● **WORK REQUIRED**
For this exercise, restate every line below word for word and drop the images.

● **INFORMATION SHOWN**
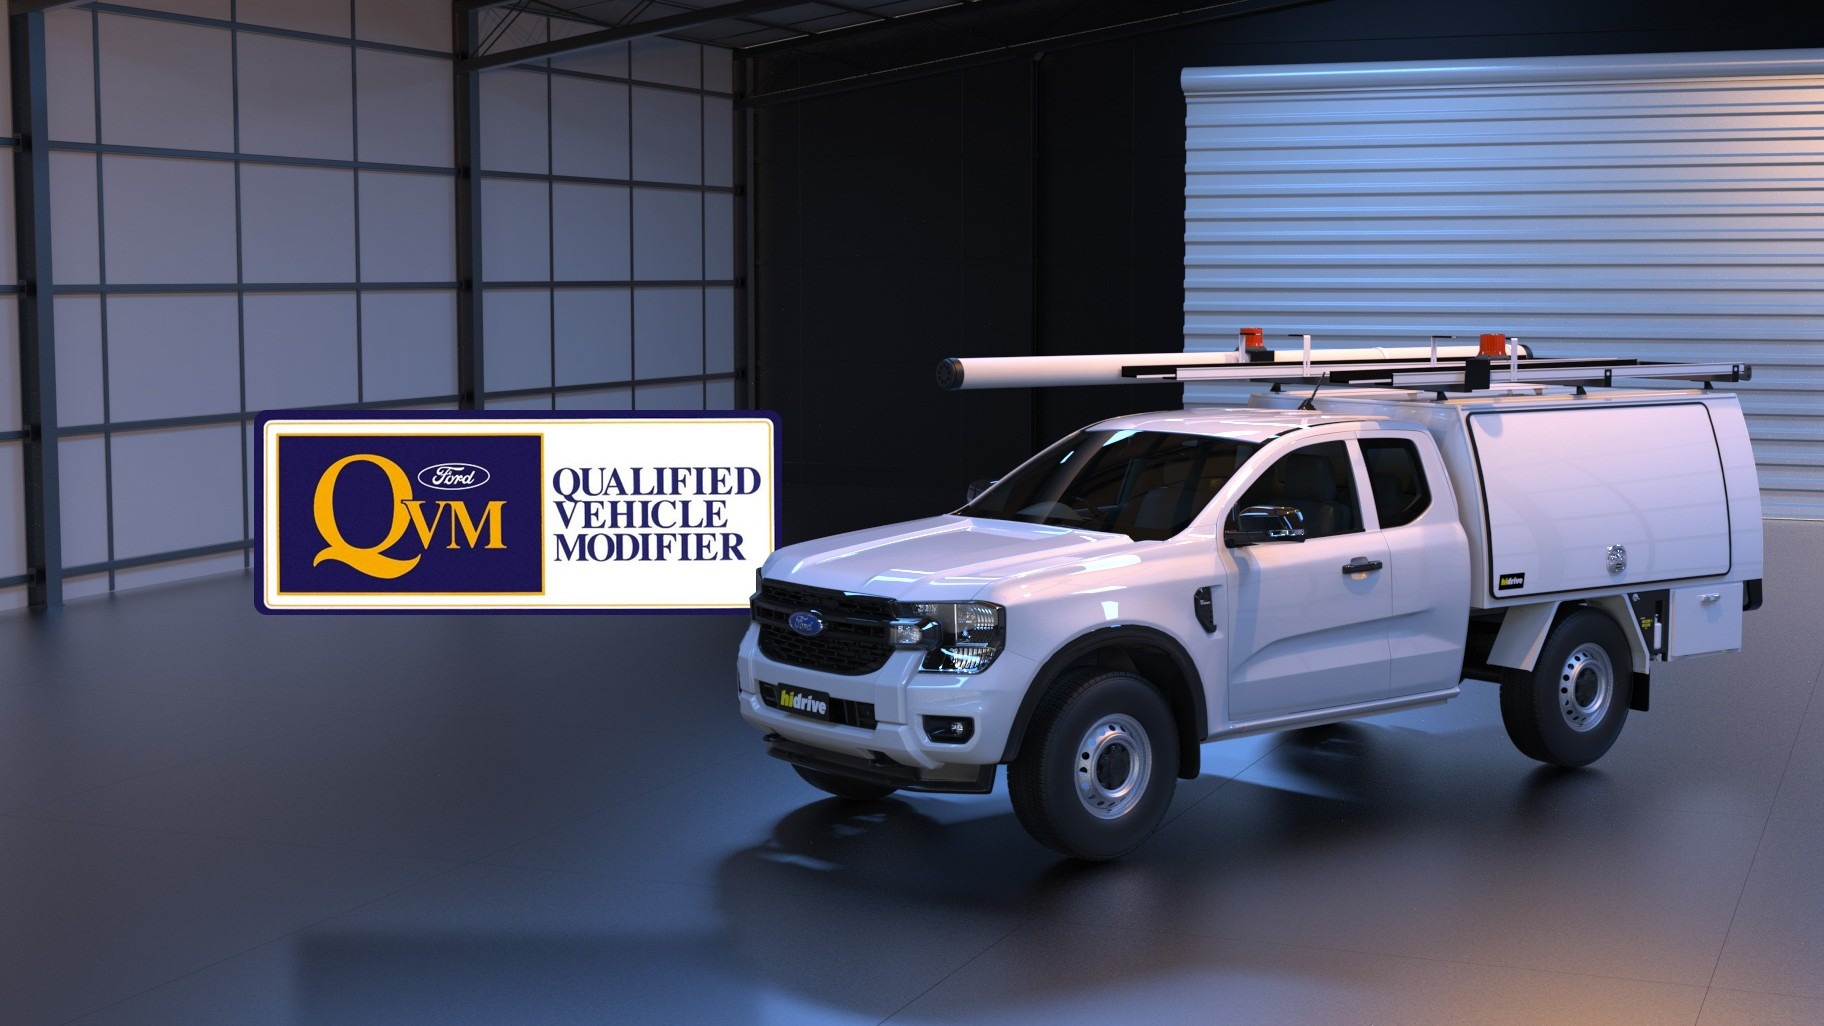 Hidrive Sydney, Ford Certified QVM With Over 30 Yrs Of Ranger Ute Canopies Exp
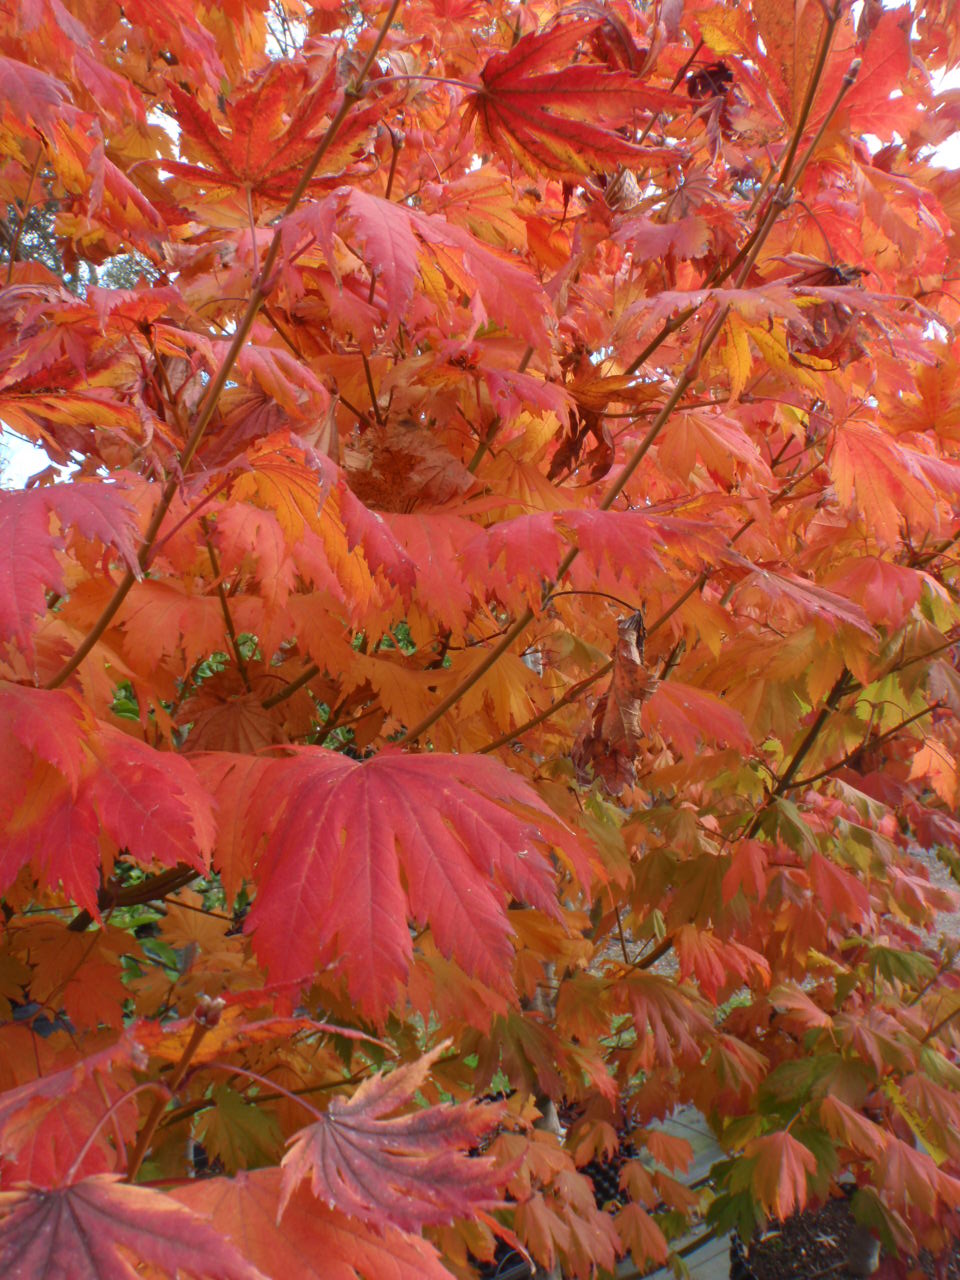 fiery foliage shows the beauty of autumn
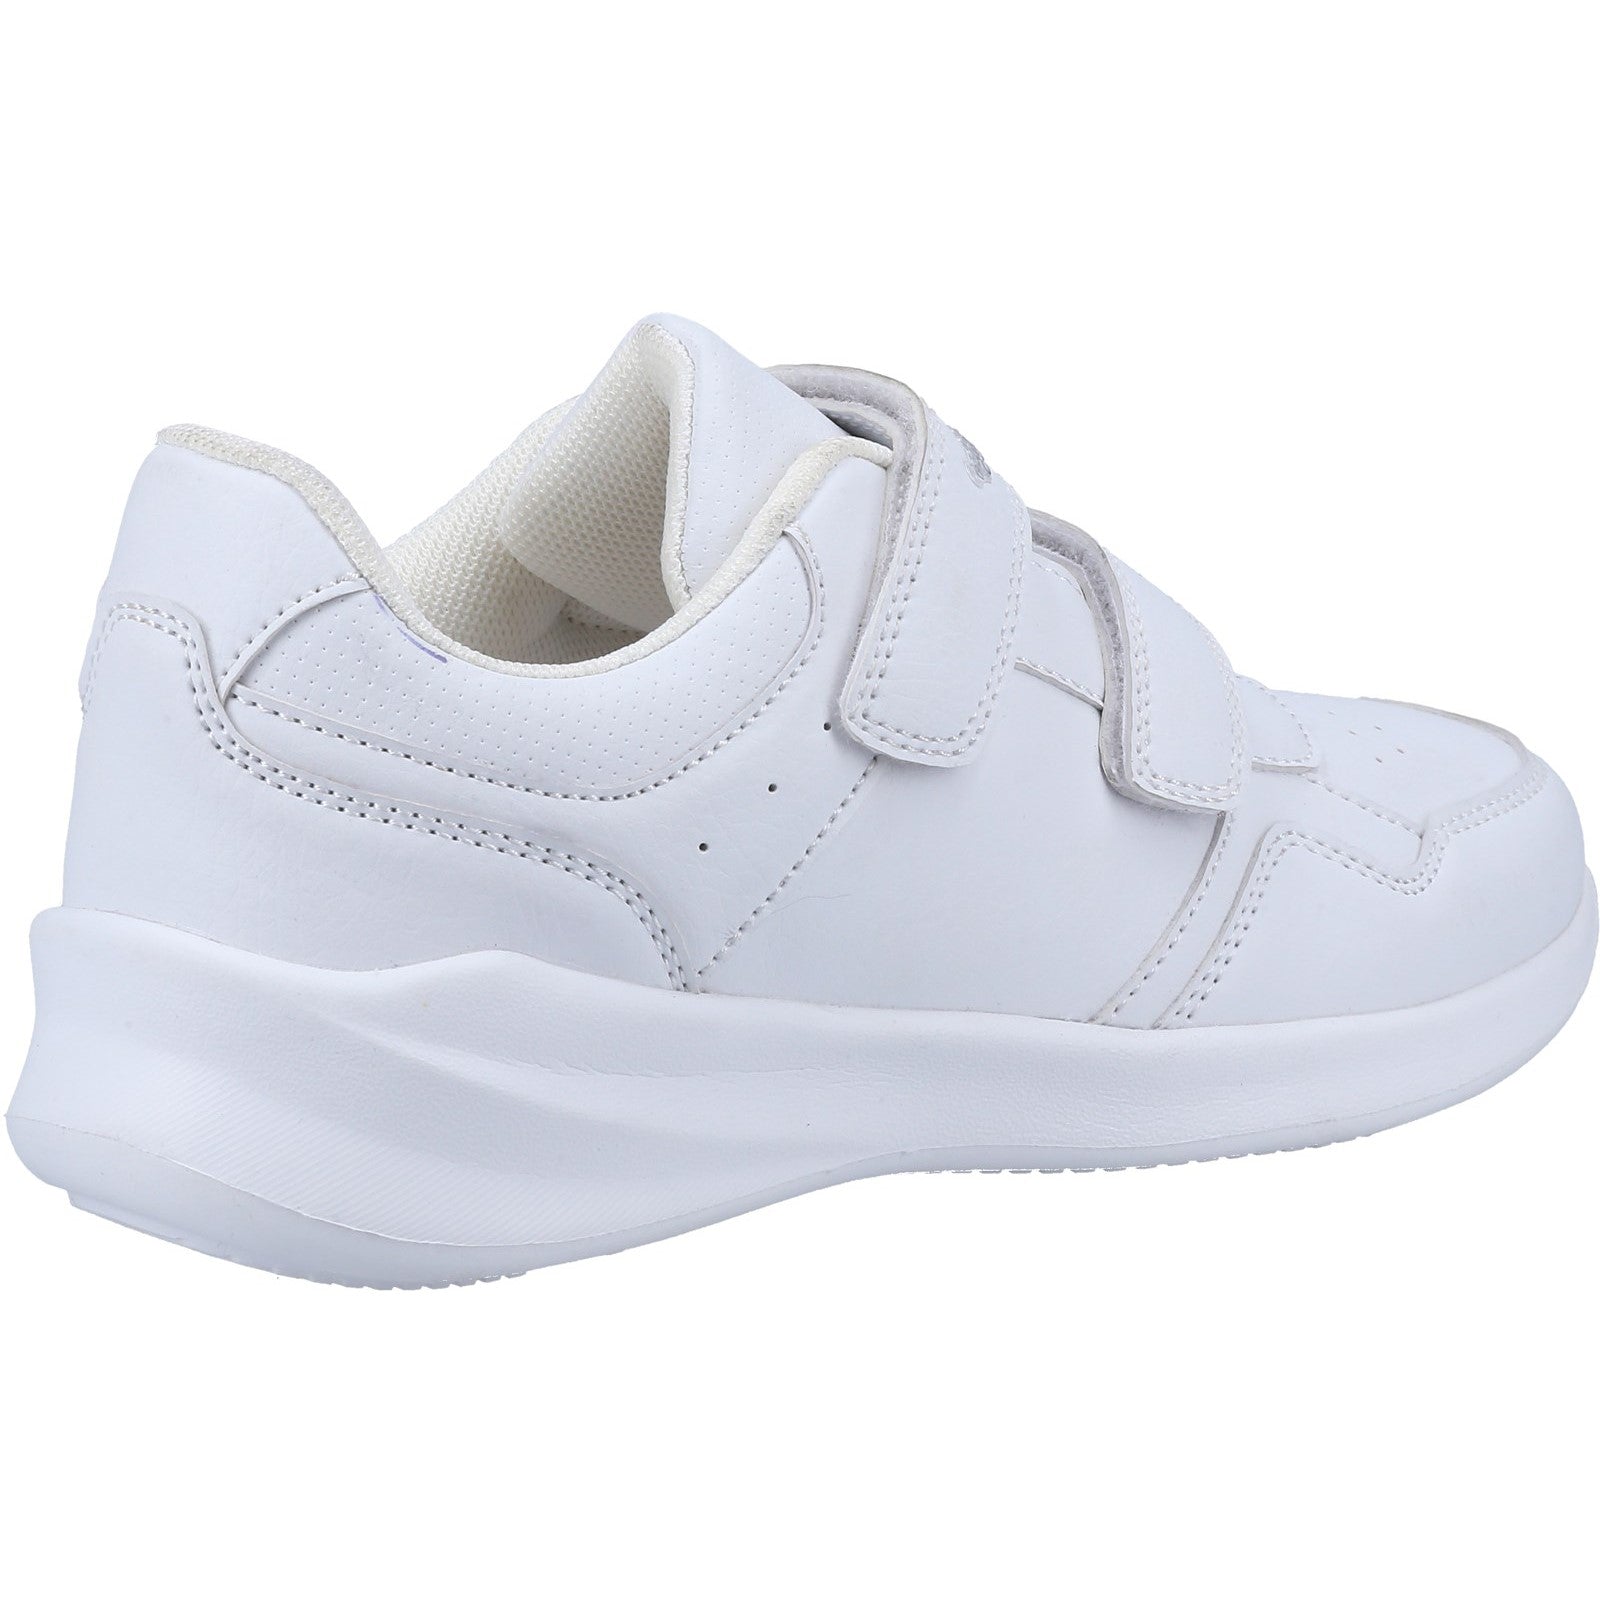 Hush Puppies Kids Marling Leather Trainers - White

● **ANSWER AREA**
 Hidrive Sydney, Ford Certified QVM With Over 30 Yrs Of Ranger Ute Canopies Exp
 fiery foliage shows the beauty of autumn
 Hush Puppies Kids Marling Leather Trainers - White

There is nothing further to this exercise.